Now the fire department and local governments are fighting back, arguing the repeal of net neutrality is endangering lives. Before anyone could reach out about these issues, but now people don’t have a way to contact the FCC, they’re redirected to the FTC.

If you’re not worried about losing net neutrality, you’re thinking too literally. It’s not just about the internet, it’s about our rights.

What would happen without it?

Giving network provider companies the reins means they have complete control of content and access. A plan will dictate the cap of your data usage, at which point your provider forcibly slow down internet speed. If you want more, you have to pay more. You’ll have to pay to use certain apps and sites. And it’s not just users that get hit with the limits. What about online retailers? Online banking? How will other industries react when their customer base is slowed down or cut off by these limiting plans? How will the consequences ripple out? What industry won’t suffer?

Countries that do not have net neutrality pay very high prices for data. And in many instances, that also raises the cost of owning and using a cellphone. We already have $1000 phones, how much more do they want us to pay? Sure, that giant brick from the 80’s was way more expensive, but they didn’t have smart phones and apps. Telecom has the advantage of knowing that so many people  and corporations rely on the internet for pretty much everything. Entertainment, contact, business, health, finances, and everything else that’s online.

Portugal is often used as an example of life without net neutrality. Do you like watching Netflix, texting, looking through Instagram, playing a game, and checking your email in a day? Too bad, you need to pay for 6 different plans that grants you access to certain apps and sites (not including the usage cap).
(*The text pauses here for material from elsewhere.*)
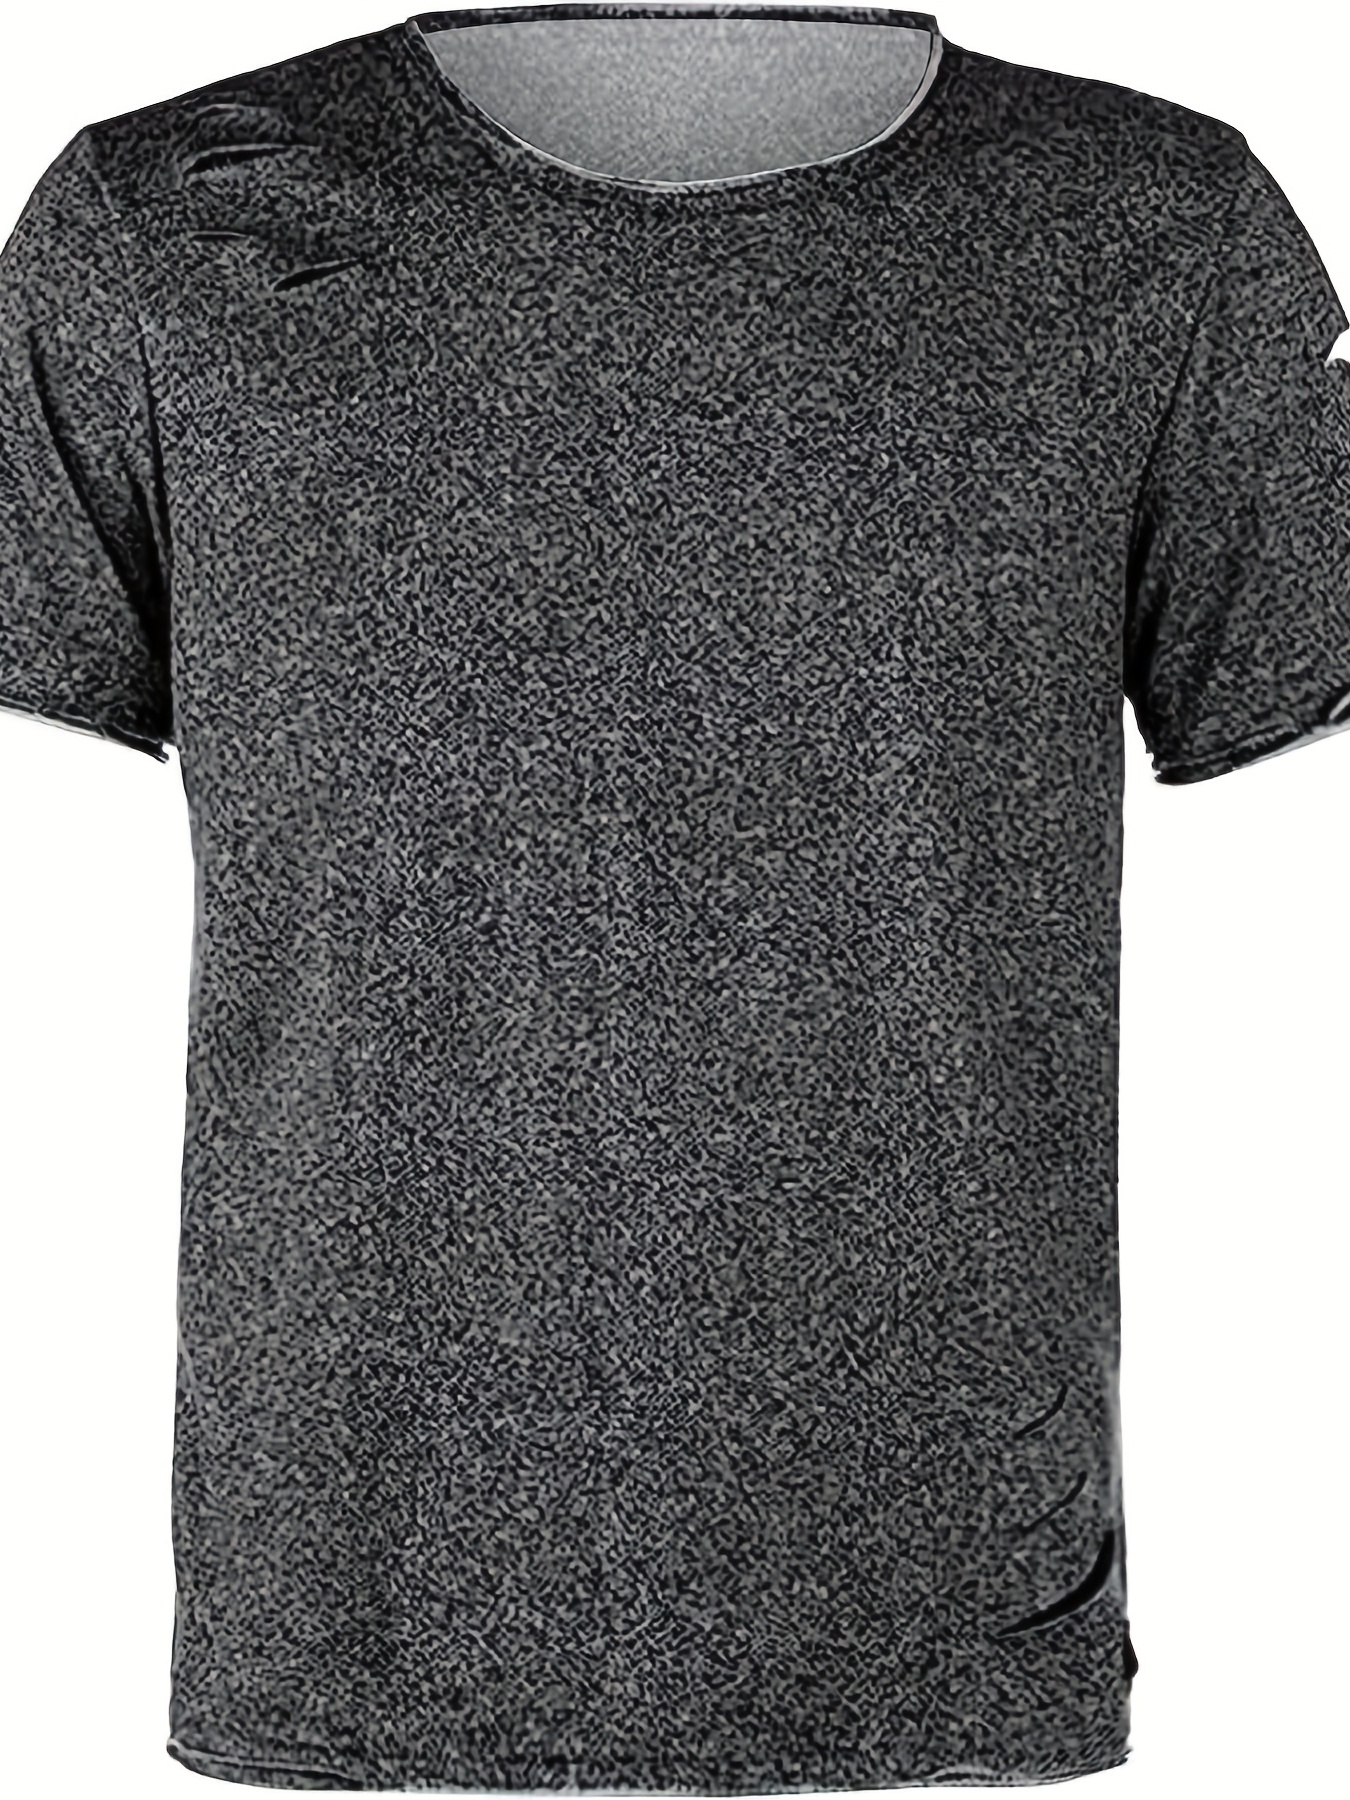 Brass Monkey Merino Mens Short Sleeve Crew Neck Thermal Top - The Tin Shed

This is what unregulated telecom looks like. Your service quality and capabilities will depend which tier you pay for. If you can’t pay for the best, most expensive plan, you’ll service gets capped. Once you reach the cap, either stop using the internet or shell out more cash. It’s a mammoth step backwards from net neutrality and it’s paving the way of losing certain freedoms.

What now?

California is fighting to keep net neutrality, and it could indicate the future for the entire country. Other states and local legislations are also gearing up to fight against the FCC

Like other industries, there are a handful of cable and phones companies that are completely monopolizing net broadband while steadily increasing prices. But who is this truly good for? Let’s be real, there are more cons than pros with repealed net neutrality.